MATERIAL PROVIDED
------------------------------------

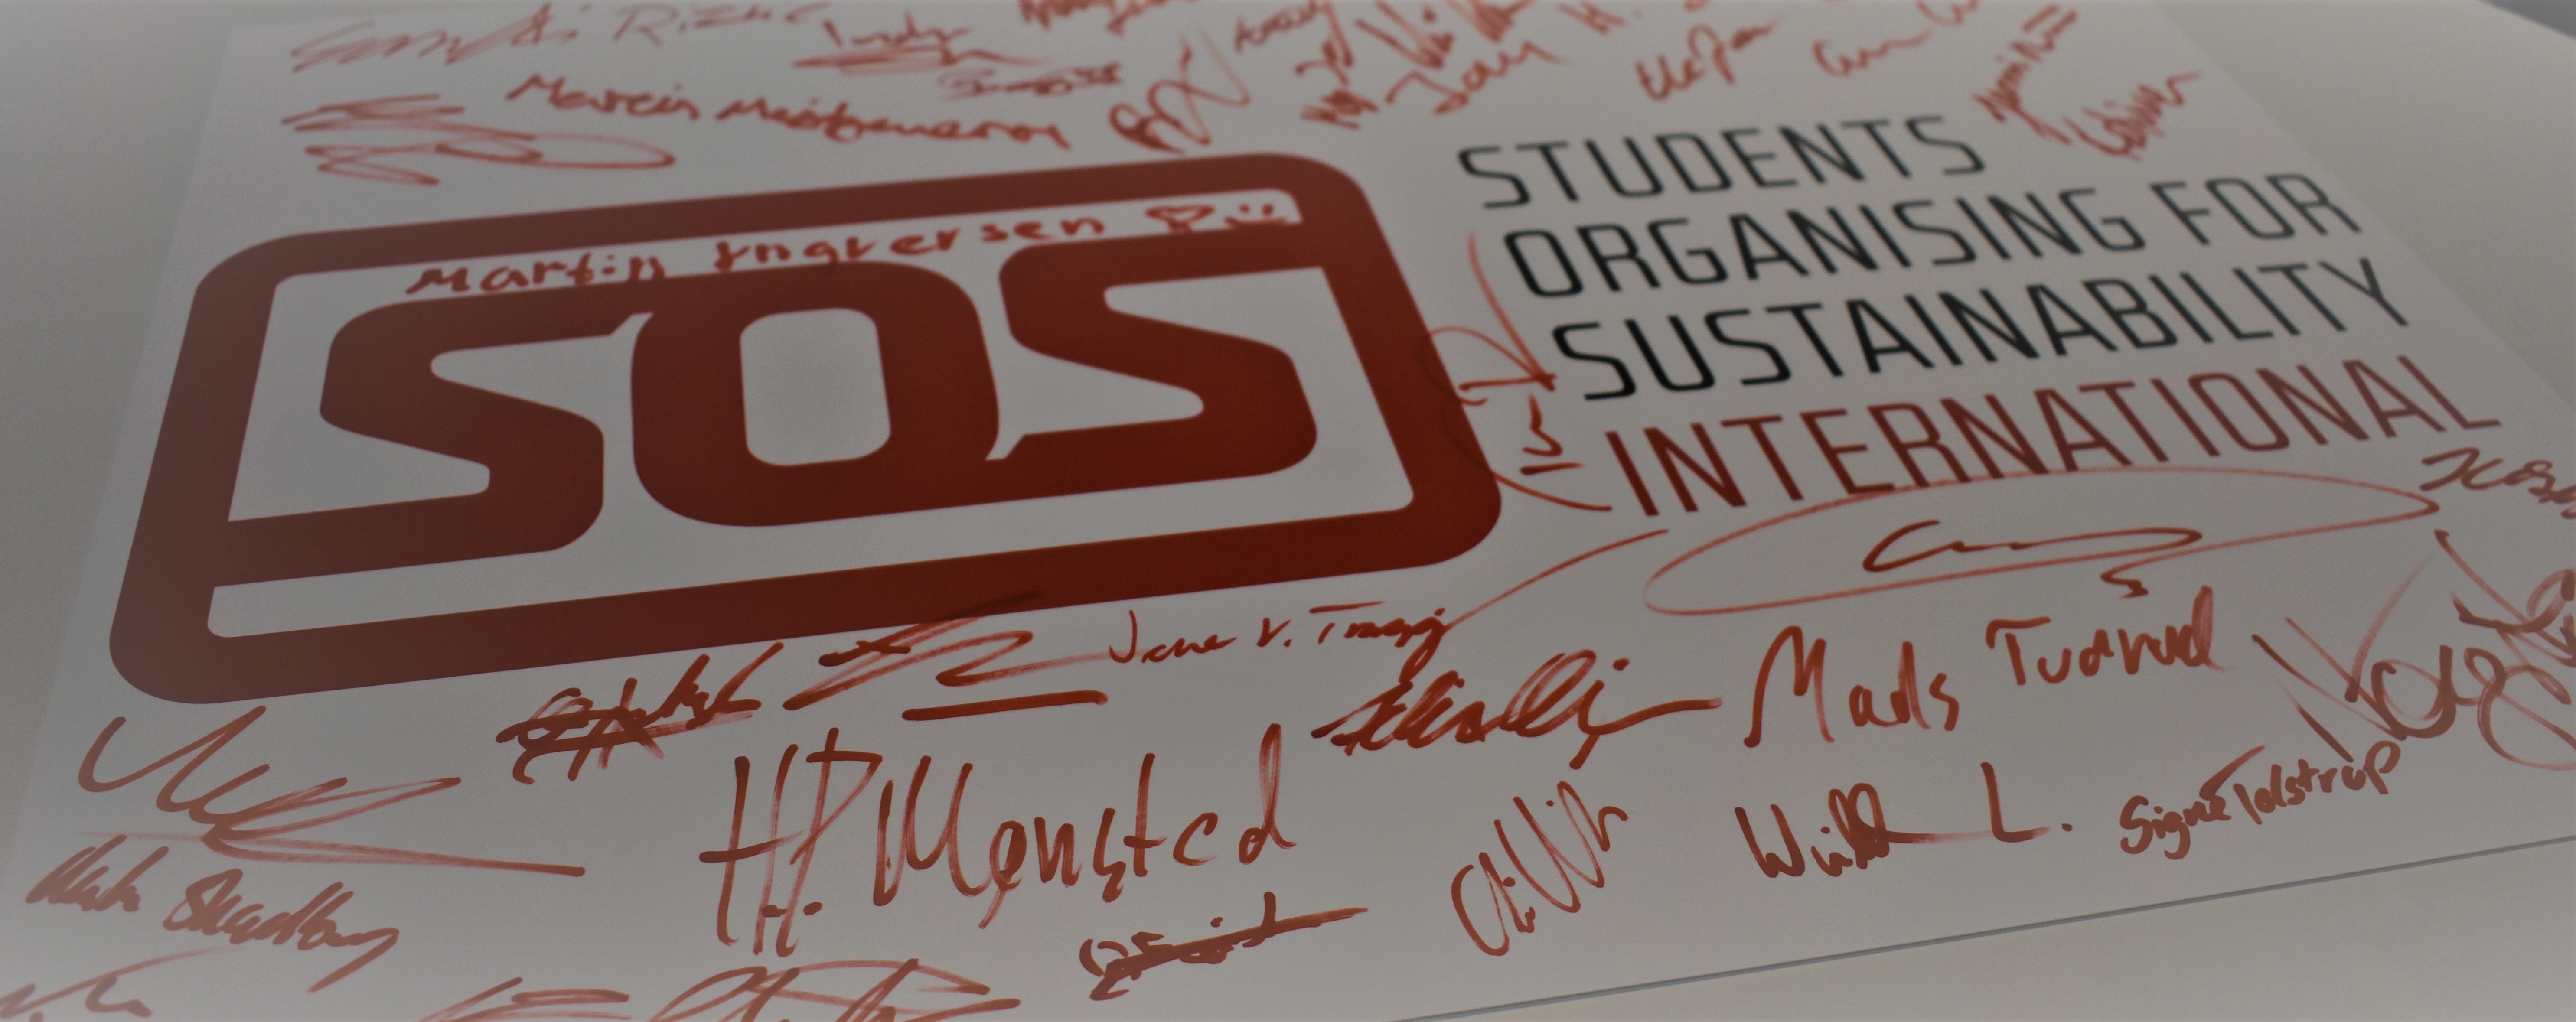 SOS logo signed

------------------------------------

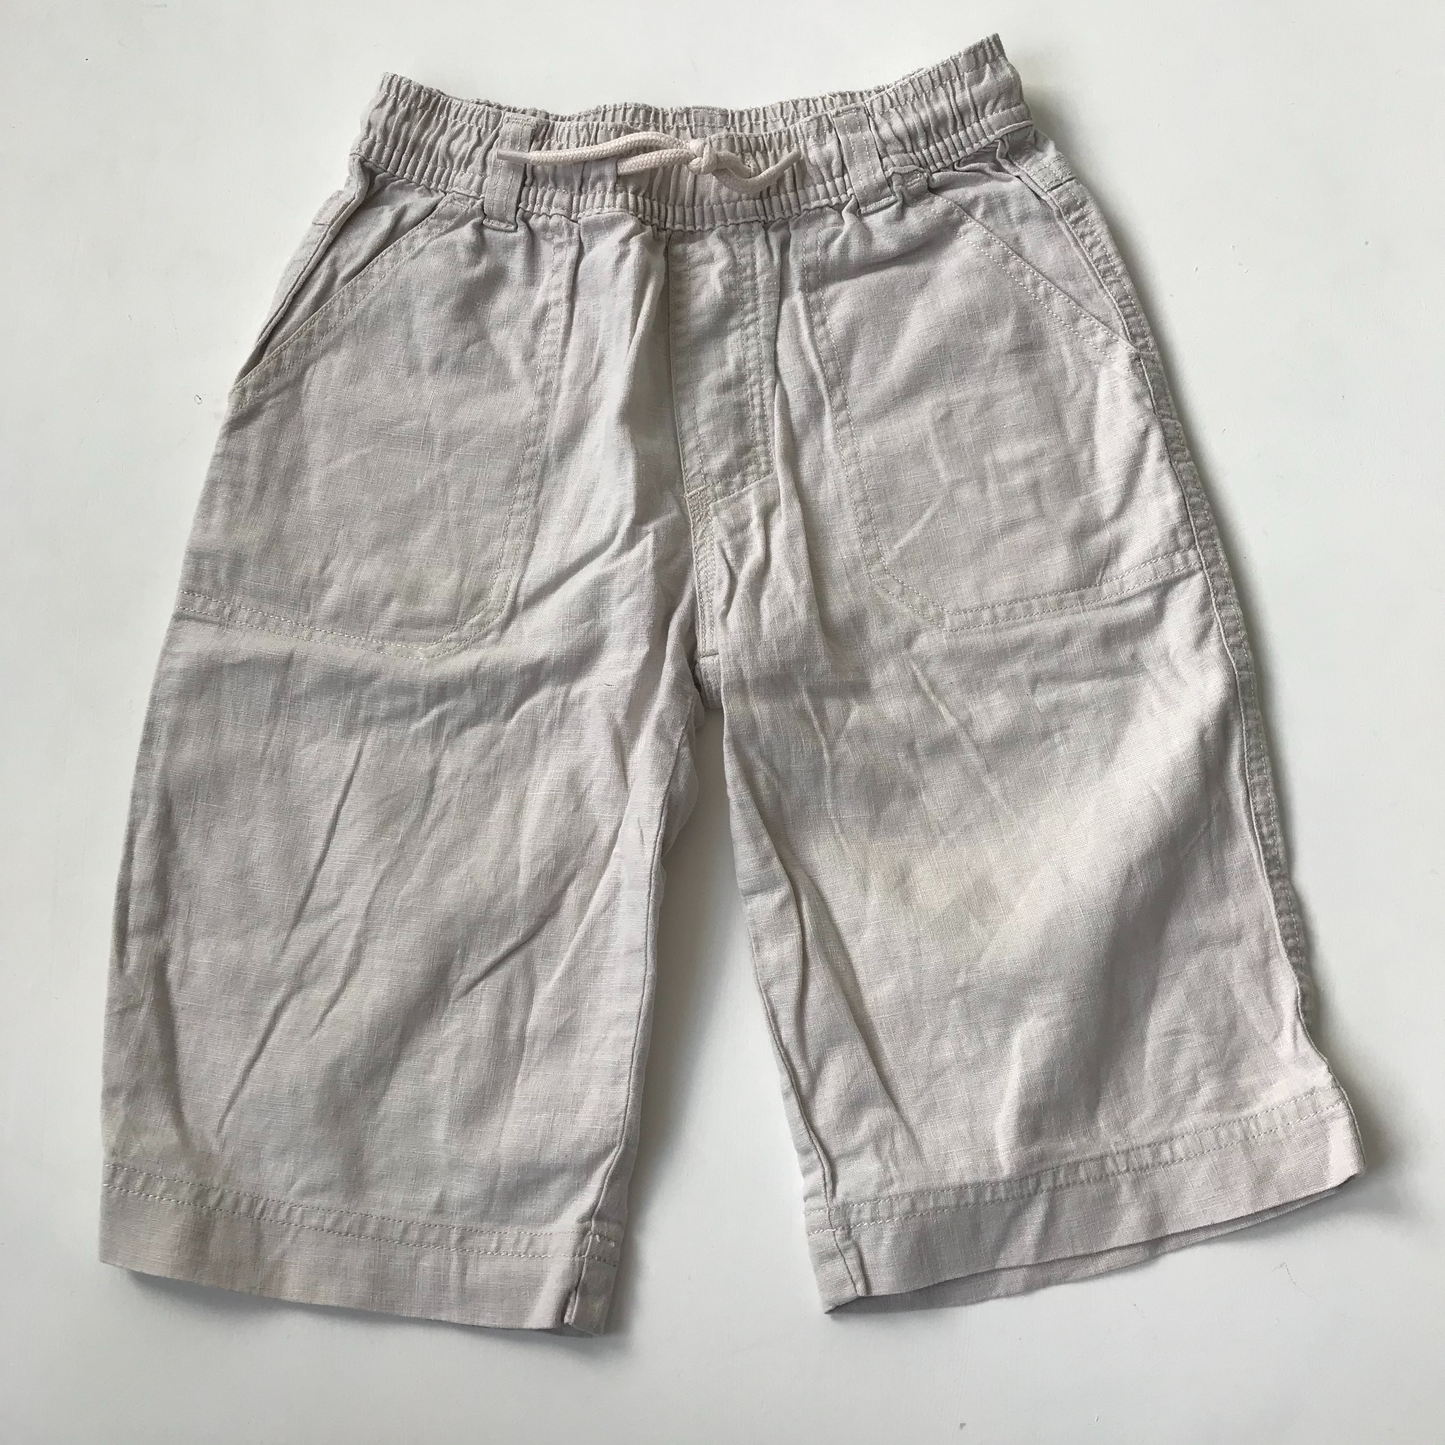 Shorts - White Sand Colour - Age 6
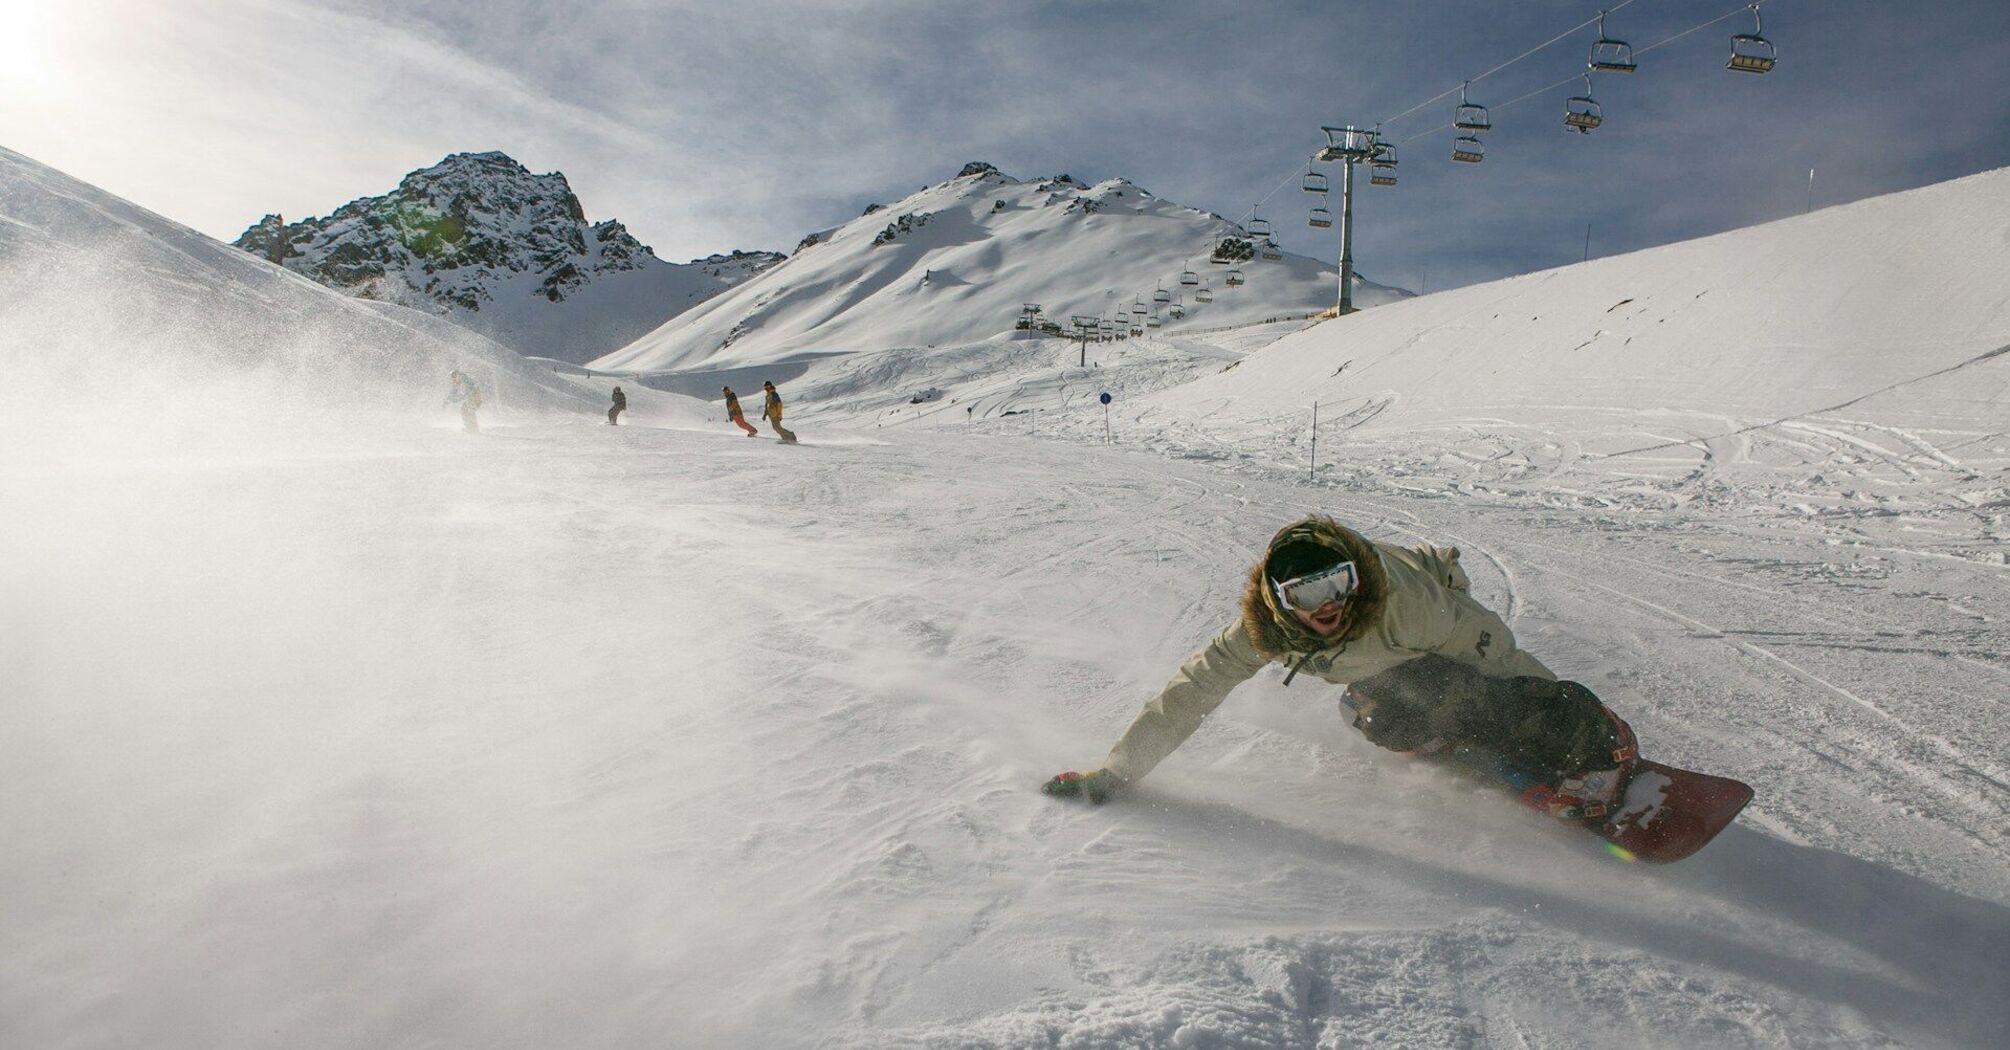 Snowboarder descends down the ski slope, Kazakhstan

------------------------------------

ACTION ITEM
Treat the line with "Shorts - White Sand Colour - Age 6" as the start and the line with "Snowboarder descends down" as the end, and return exactly that span of the data above, both ends included, without pictures.

WRITTEN RESPONSE
 Shorts - White Sand Colour - Age 6
 Snowboarder descends down the ski slope, Kazakhstan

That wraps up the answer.